I’ve actually gone to the trouble of messing around with such an SSE2 port on my Github but keep running into the fact that, try as I might, it’s just a little bit slower (~5%) on most cases that aren’t the big-copy cases, which see huge wins:
MemmoveUnalignedSrc/10 2.09GB/s ± 0% 1.98GB/s ± 0% -5.26% (p=0.000 n=9+8)
MemmoveUnalignedSrc/11 2.30GB/s ± 0% 2.18GB/s ± 0% -5.18% (p=0.000 n=10+7)
MemmoveUnalignedSrc/12 2.51GB/s ± 0% 2.37GB/s ± 0% -5.33% (p=0.000 n=10+8)
MemmoveUnalignedSrc/13 2.71GB/s ± 0% 2.57GB/s ± 0% -5.18% (p=0.000 n=10+6)
MemmoveUnalignedSrc/14 2.92GB/s ± 0% 2.77GB/s ± 0% -5.45% (p=0.000 n=8+8)

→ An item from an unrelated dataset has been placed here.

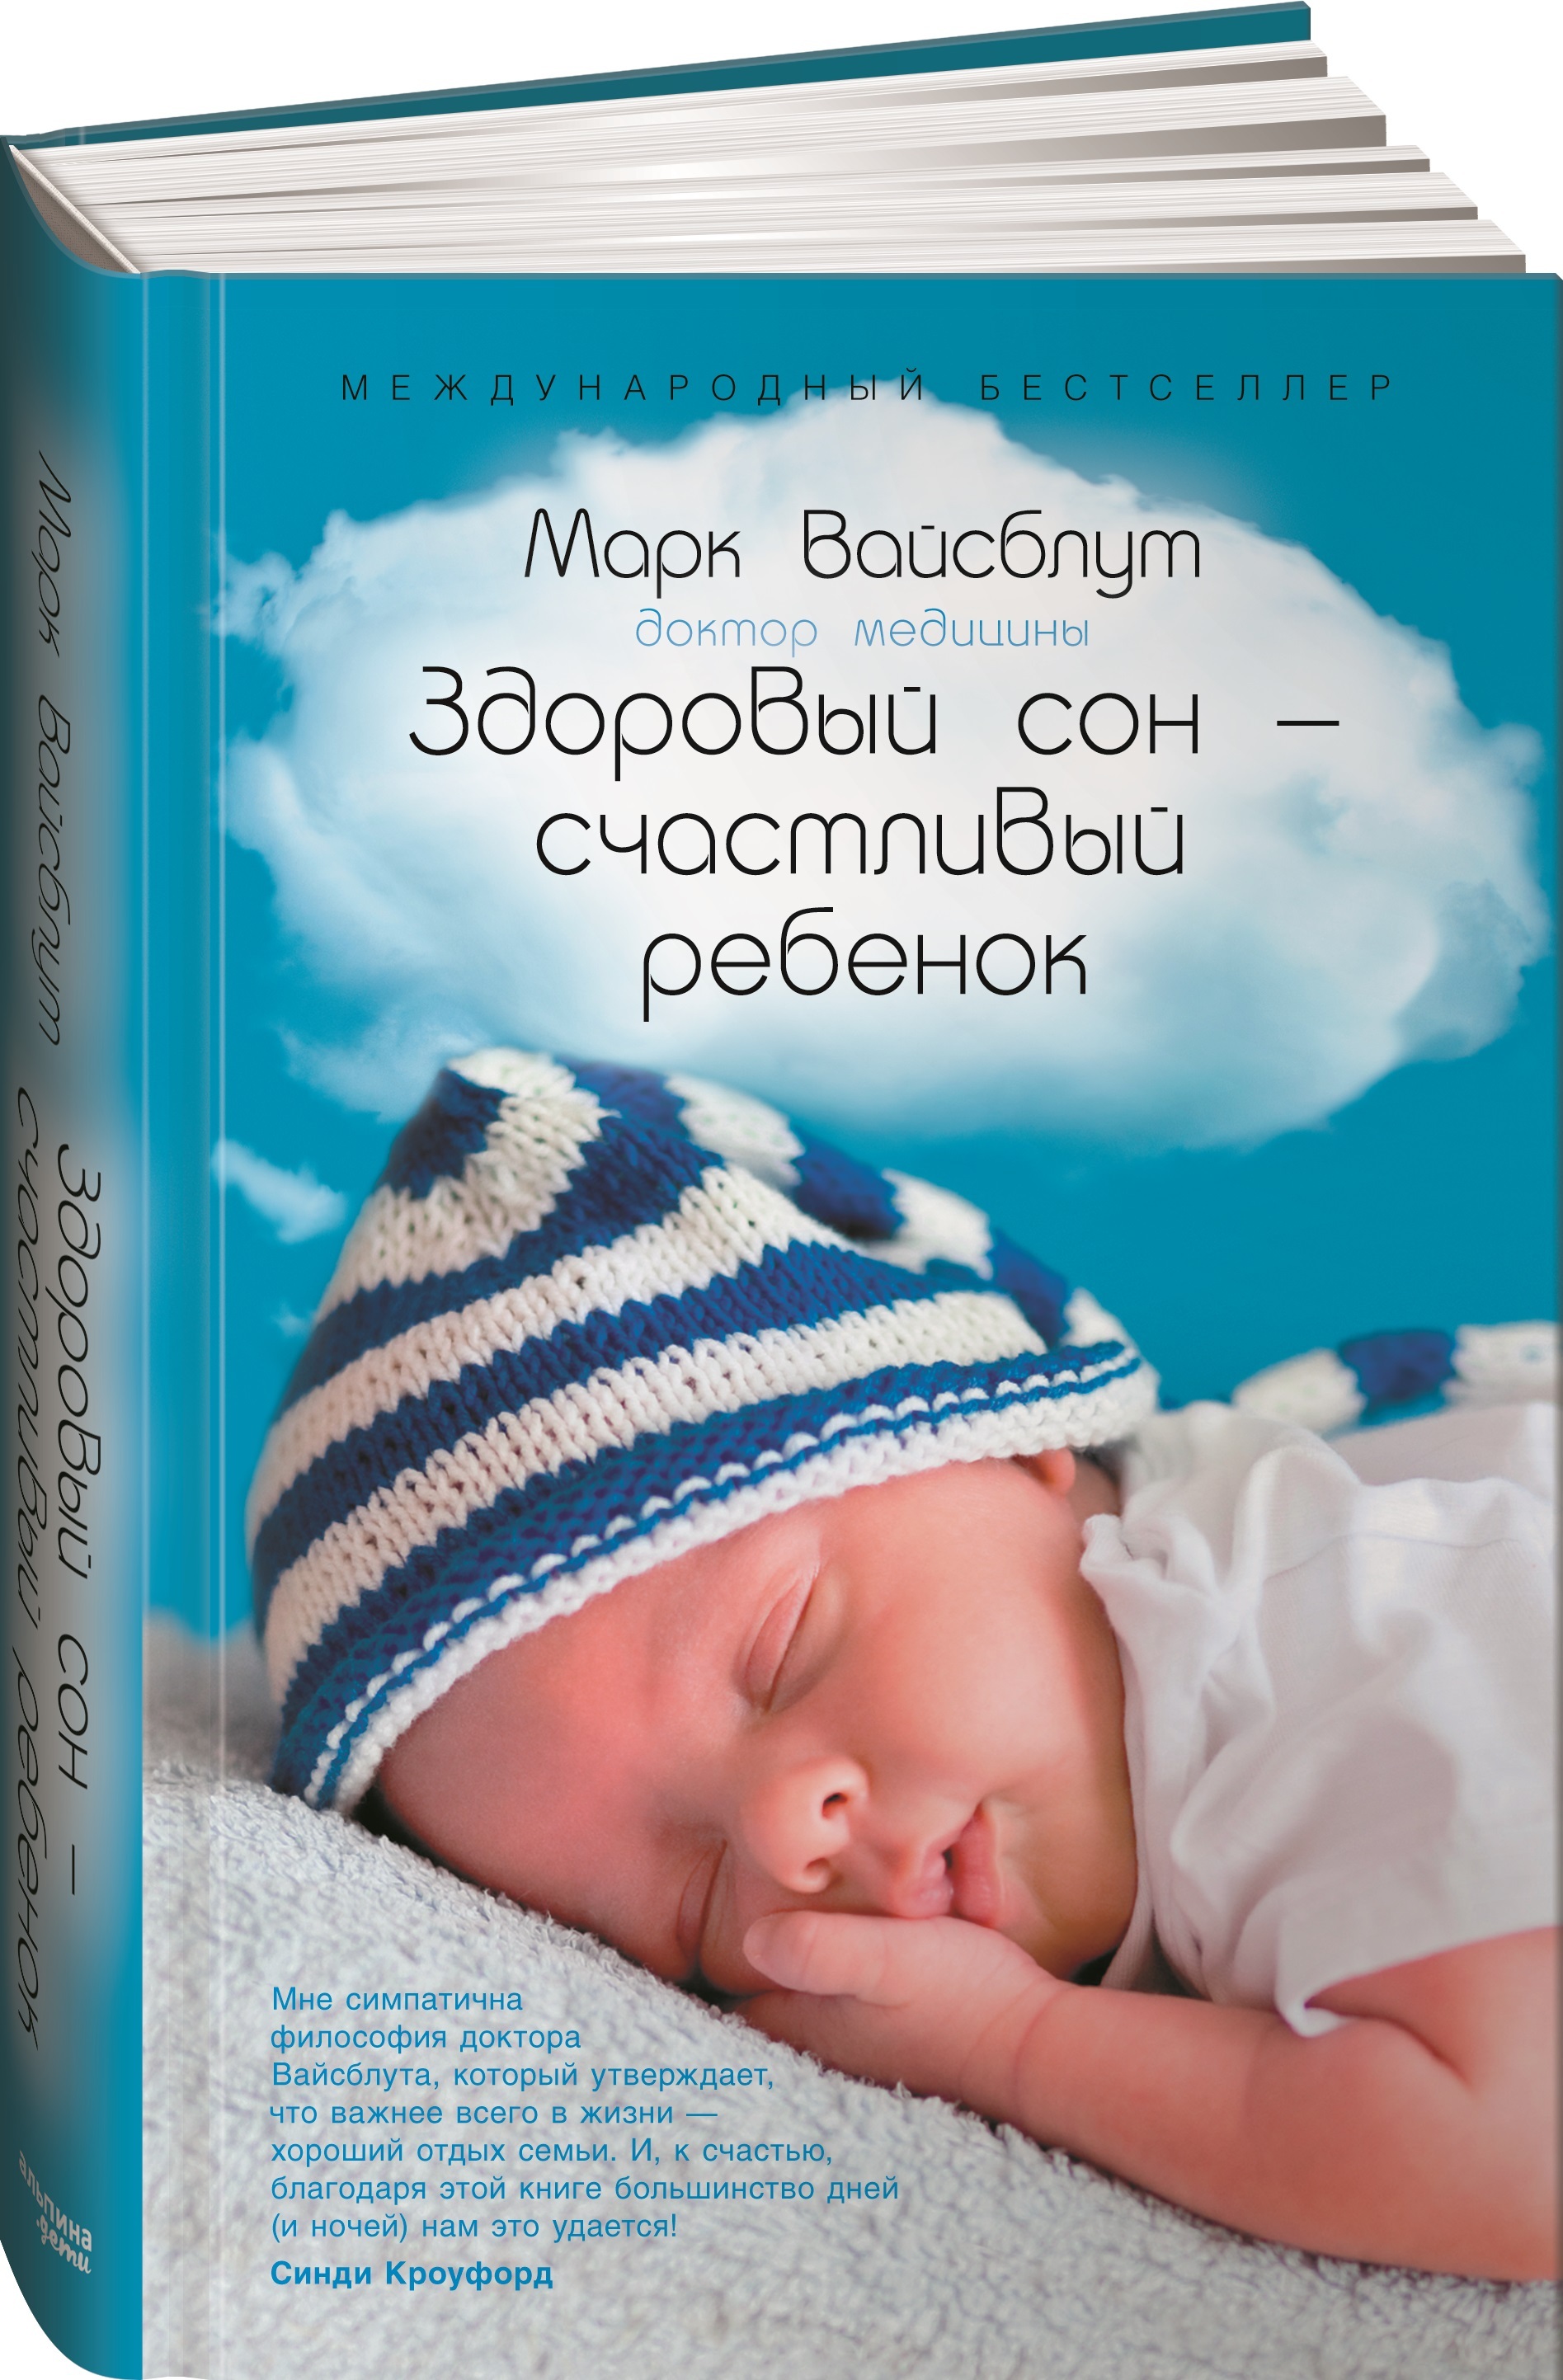 Спи малыш книга. Вайсблут здоровый сон счастливый ребенок. Книга про детский сон. Книги про сон для детей.

MemmoveUnalignedSrc/15 3.13GB/s ± 0% 2.96GB/s ± 0% -5.35% (p=0.000 n=10+6)
MemmoveUnalignedSrc/16 3.33GB/s ± 0% 3.16GB/s ± 1% -5.21% (p=0.000 n=10+8)
...
MemmoveUnalignedDstBackwards/512 8.59GB/s ± 0% 29.32GB/s ± 1% +241.29% (p=0.000 n=10+8)
MemmoveUnalignedDstBackwards/1024 12.8GB/s ± 0% 33.1GB/s ± 0% +158.15% (p=0.000 n=10+8)
MemmoveUnalignedDstBackwards/2048 16.0GB/s ± 0% 34.0GB/s ± 1% +112.35% (p=0.000 n=9+8)
MemmoveUnalignedDstBackwards/4096 19.6GB/s ± 0% 38.4GB/s ± 1% +96.26% (p=0.000 n=10+8)
Digging into that could be a whole other blog post, but effectively, the thing slowing it down is fetching instructions into the CPU, as the assembly code is longer (or has less predictivity) than the original, making the per-instruction-twitchy sections a little slower.
So there you have it – many twisty passages, all different, into low-level performance of Intel processors. Digging into these things is fun; opening the hood on the CPU can be a lesson in itself.